Expert's View

A redeposit can be made in installments but must be made before the final adjudication of an annuity. Image: Billion Photos/Shutterstock.com

If you are leave the government, withdraw your retirement contributions, and then return to work for the government, your eventual retirement annuity will not include credit for that earlier period unless you return that money with interest.

Should you pay back that money or not, and if you do, how would that be done?

If you don’t pay it back, you’ll still get credit for that time for retirement eligibility purposes (as well as for determining your high-3, if applicable). However, the time covered by that refund would not be used in the computation of your annuity.
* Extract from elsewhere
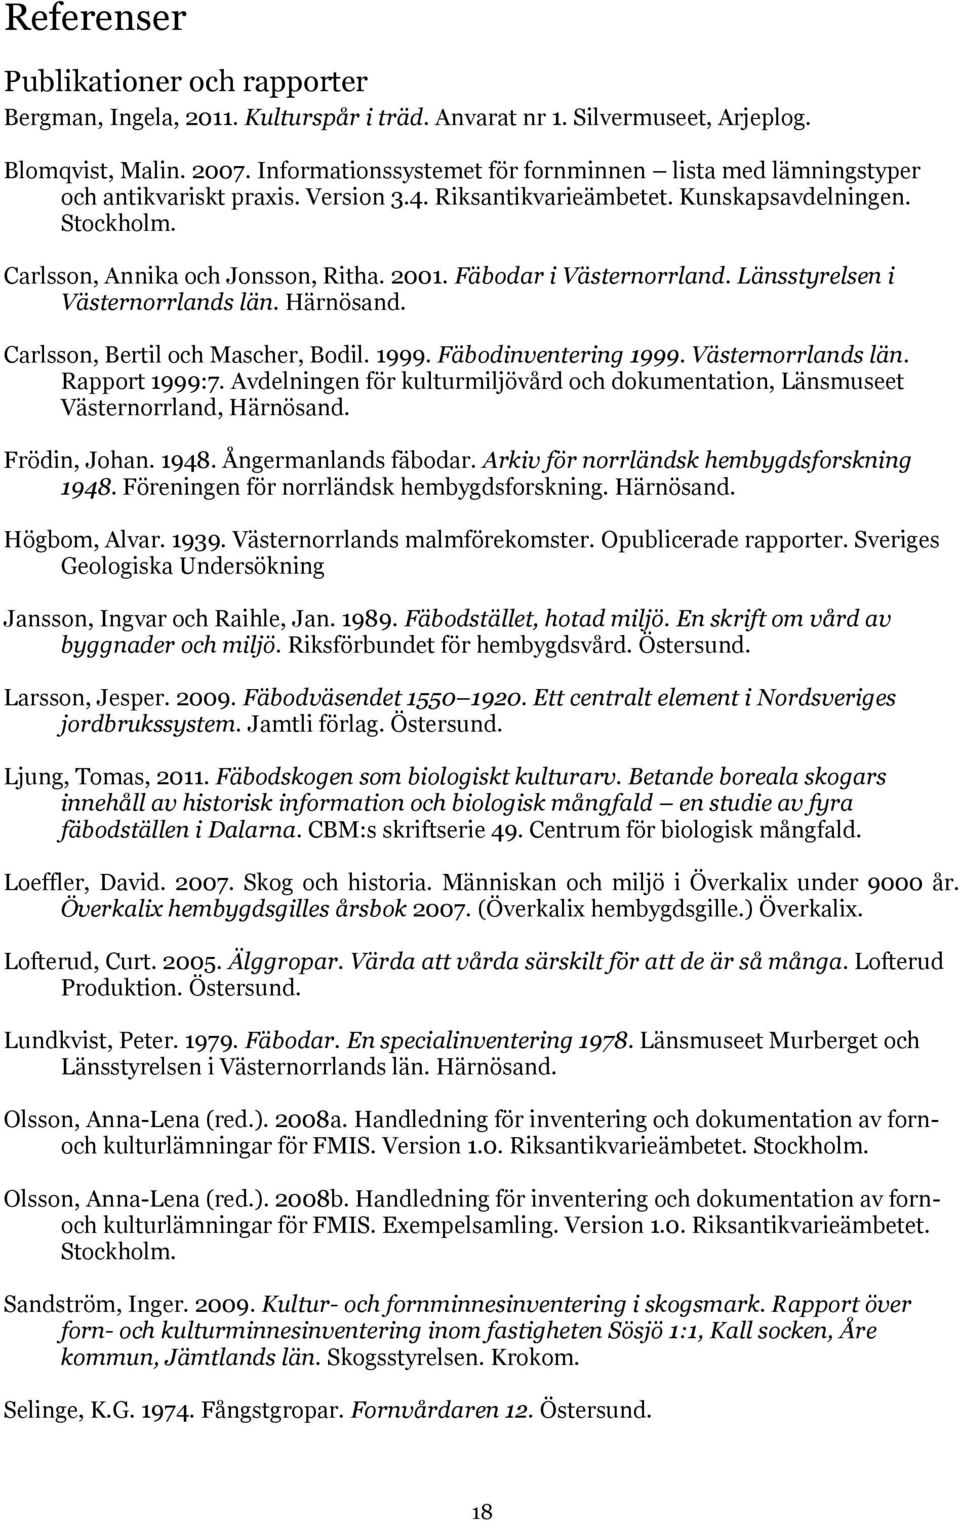 Fäbodar i Västernorrland. Länsstyrelsen i Västernorrlands län. Härnösand. Carlsson, Bertil och Mascher, Bodil. 1999. Fäbodinventering 1999. Västernorrlands län. Rapport 1999:7.
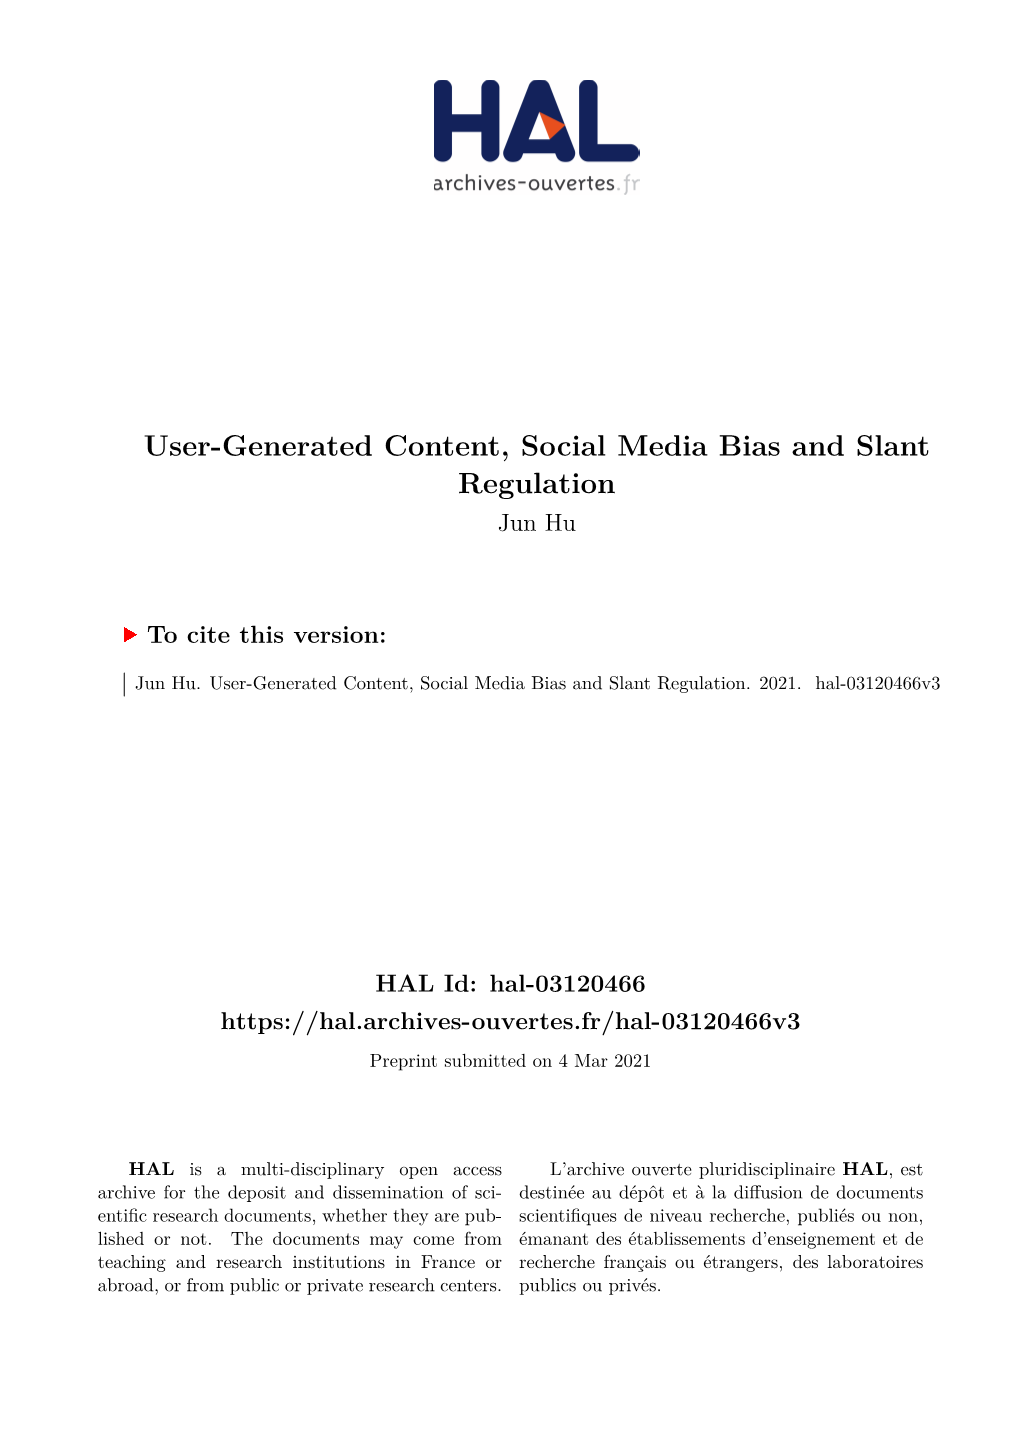 User-Generated Content, Social Media Bias and Slant Regulation Jun Hu

Say for example that you worked for the government for three years, left and took a refund, and then returned and worked another 27 years. If you didn’t repay it, only the latter 27-year period would count toward your annuity.

Calculating the impact on your annuity is fairly straightforward. Under CSRS, each year of service beyond the initial 10 is worth 2 percent of your high-3 salary annually. Under FERS, it’s 1 percent for all years of service—unless you retire at age 62 or older with at least 20 years of service, in which case it’s 1.1 percent.

To find out how much you would owe to recapture that time, go to www.opm.gov/forms/standard-forms and click on Standard Form 2803, Application to Make Deposit or Redeposit (CSRS) or Standard Form 3108, Application to Make Service Credit Payment (FERS). Complete the form and send it to OPM (instructions are on the form).

A redeposit can be made in installments but must be made before the final adjudication of an annuity. (Note: Survivors of employees who die in service also can make a redeposit before the final adjudication of their survivor annuity in order to capture service credit in that calculation.)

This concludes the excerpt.